───── The data ─────

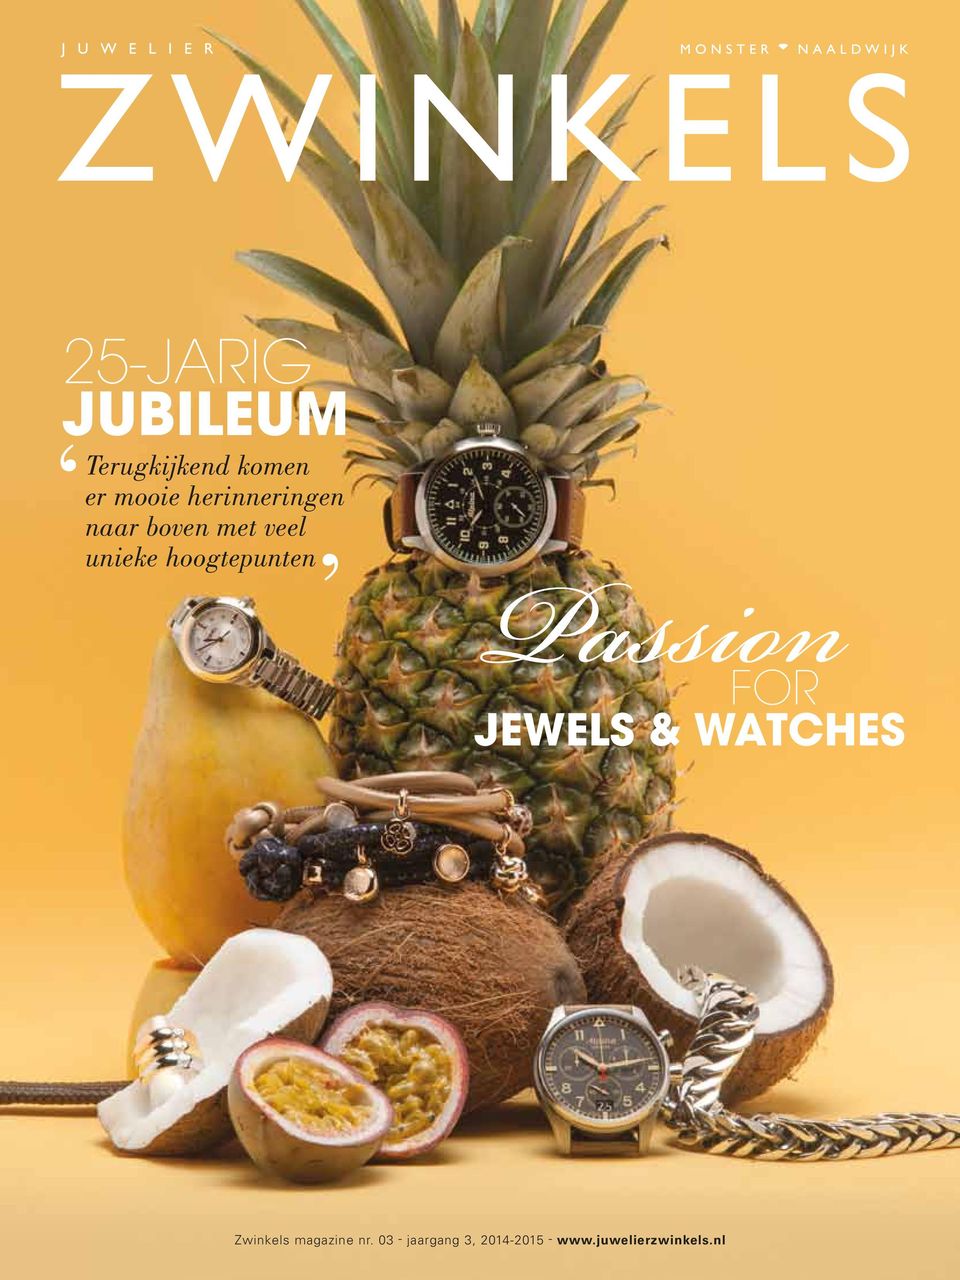 hoogtepunten Passion For jewels & watches Zwinkels
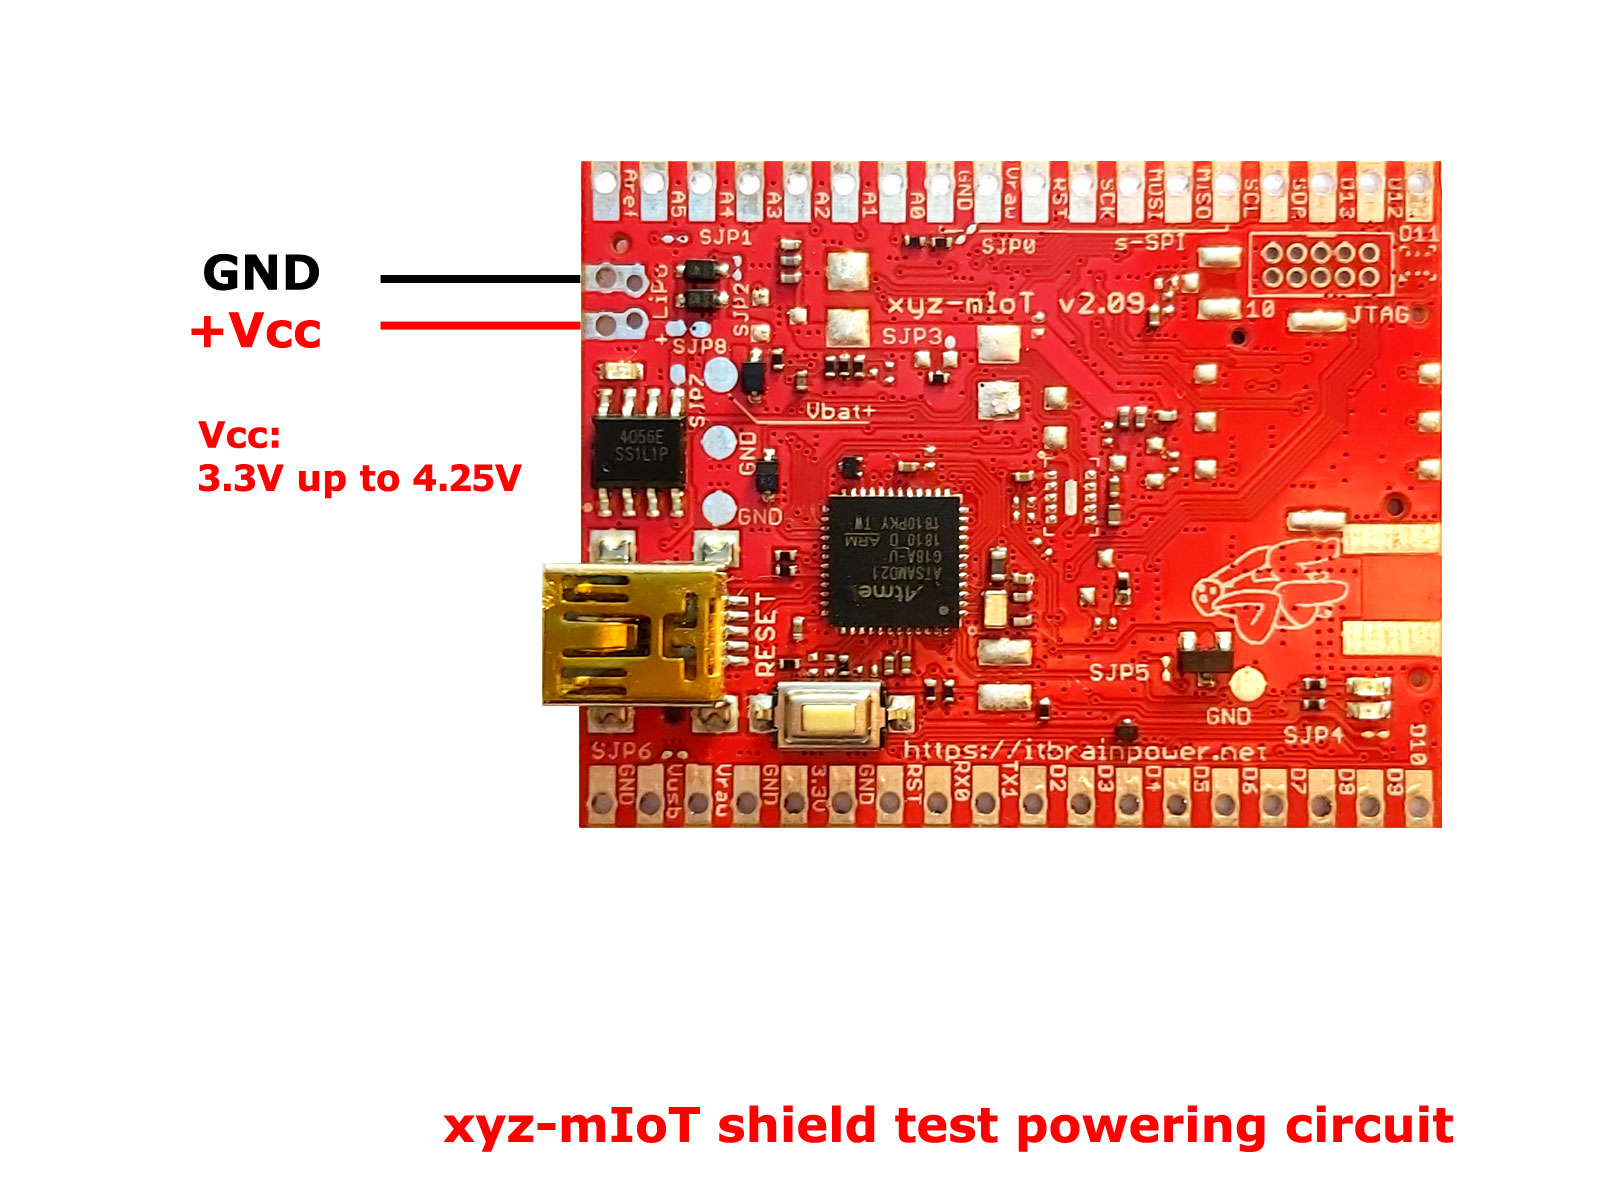 xyz-mIoT shield consumption test circuit
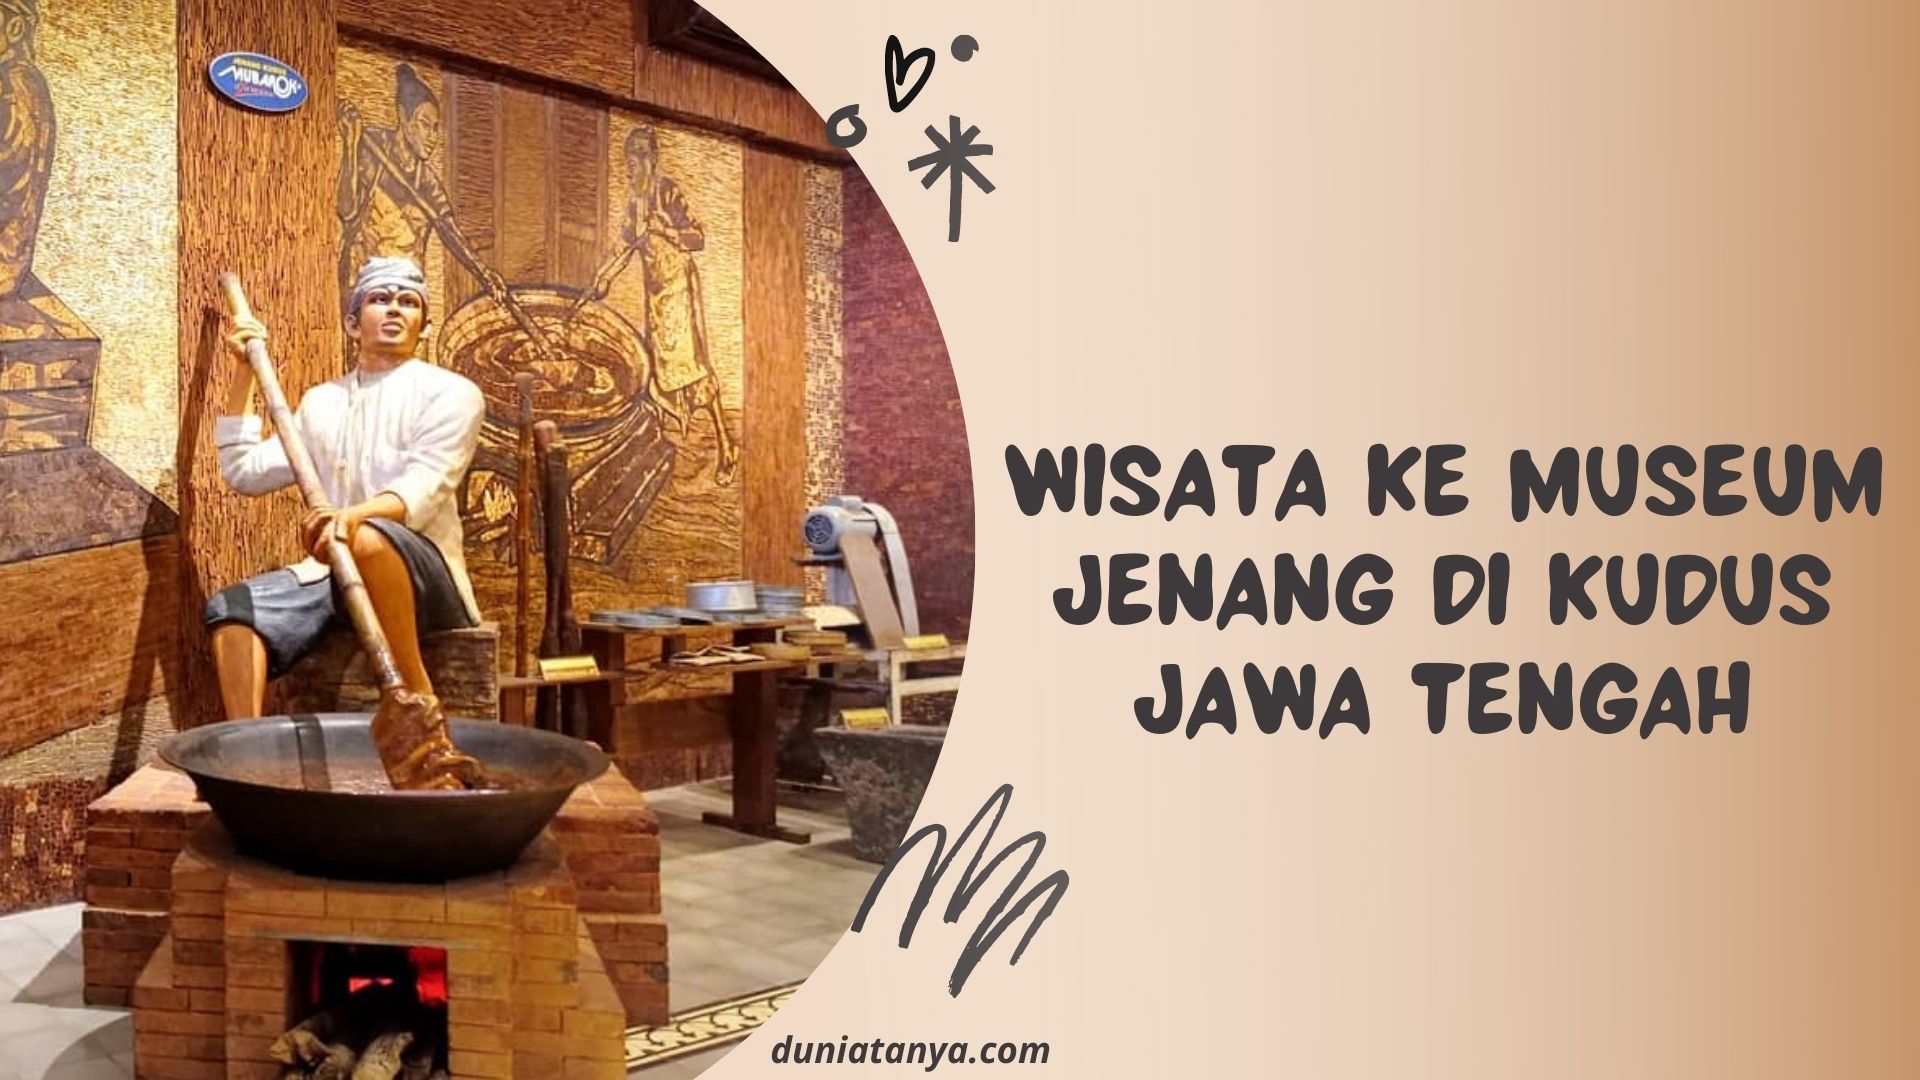 You are currently viewing Wisata Ke Museum Jenang Di Kudus Jawa Tengah
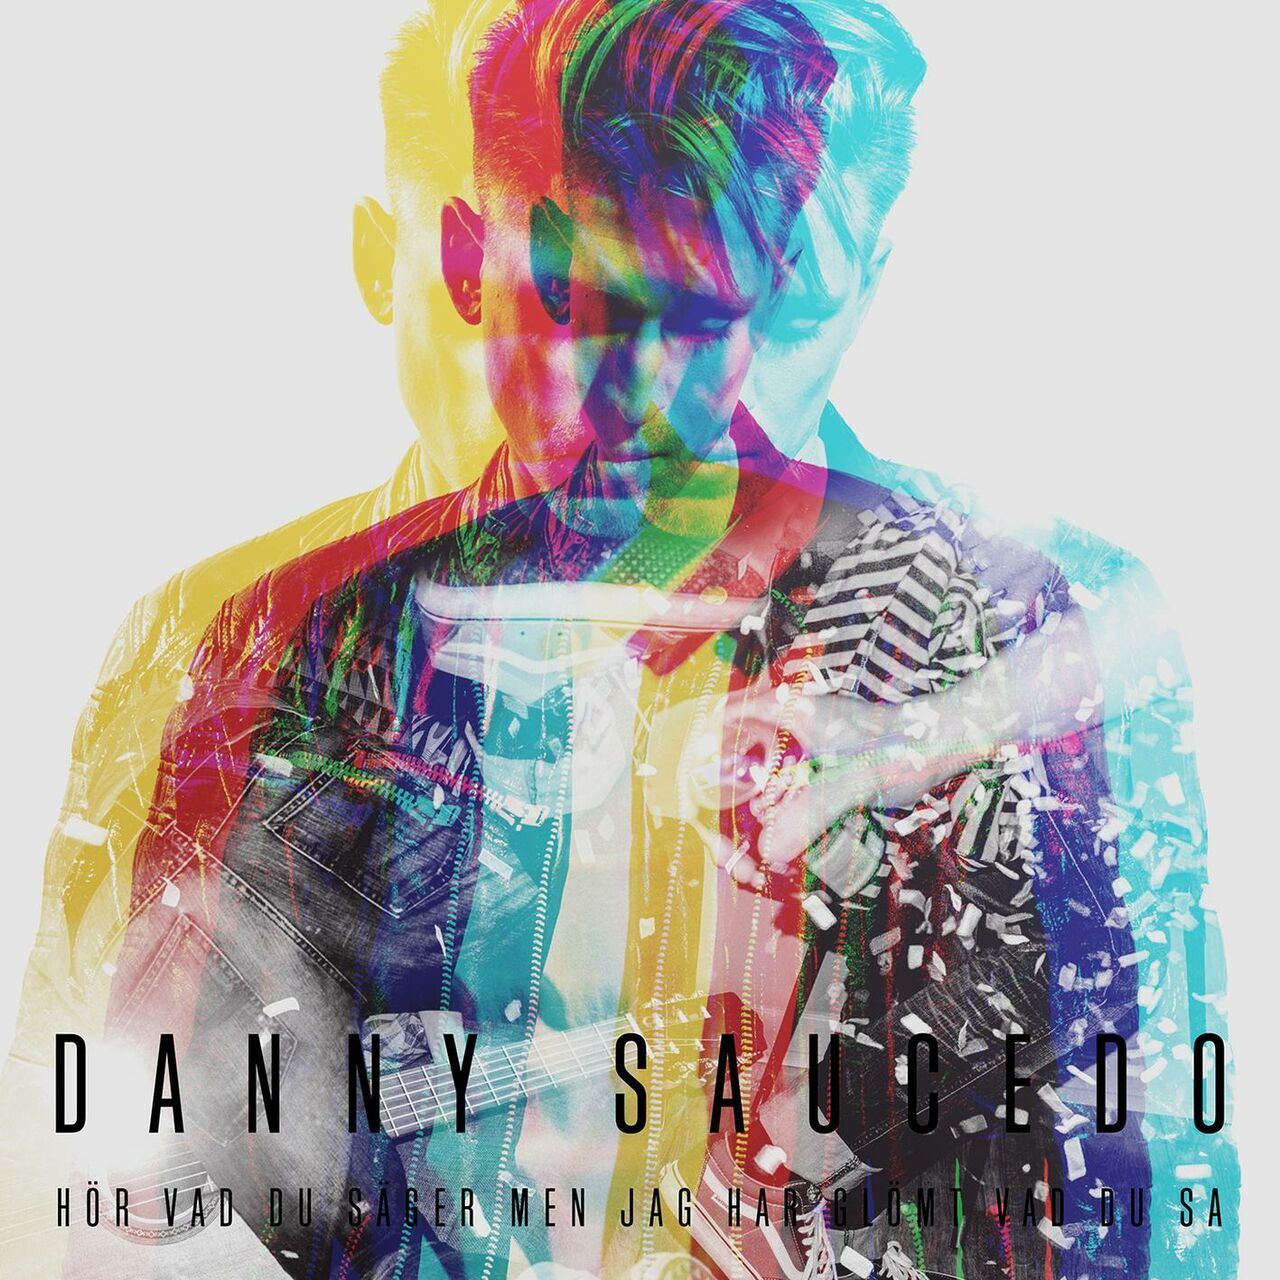 Danny Saucedo — Hör vad du säger men jag har glömt vad du sa cover artwork

─────

- **What the task requires**
The reply should repeat the listing above exactly and contain no pictures.

- **Output of the exercise**
 hoogtepunten Passion For jewels & watches Zwinkels
 xyz-mIoT shield consumption test circuit
 You are currently viewing Wisata Ke Museum Jenang Di Kudus Jawa Tengah
 Danny Saucedo — Hör vad du säger men jag har glömt vad du sa cover artwork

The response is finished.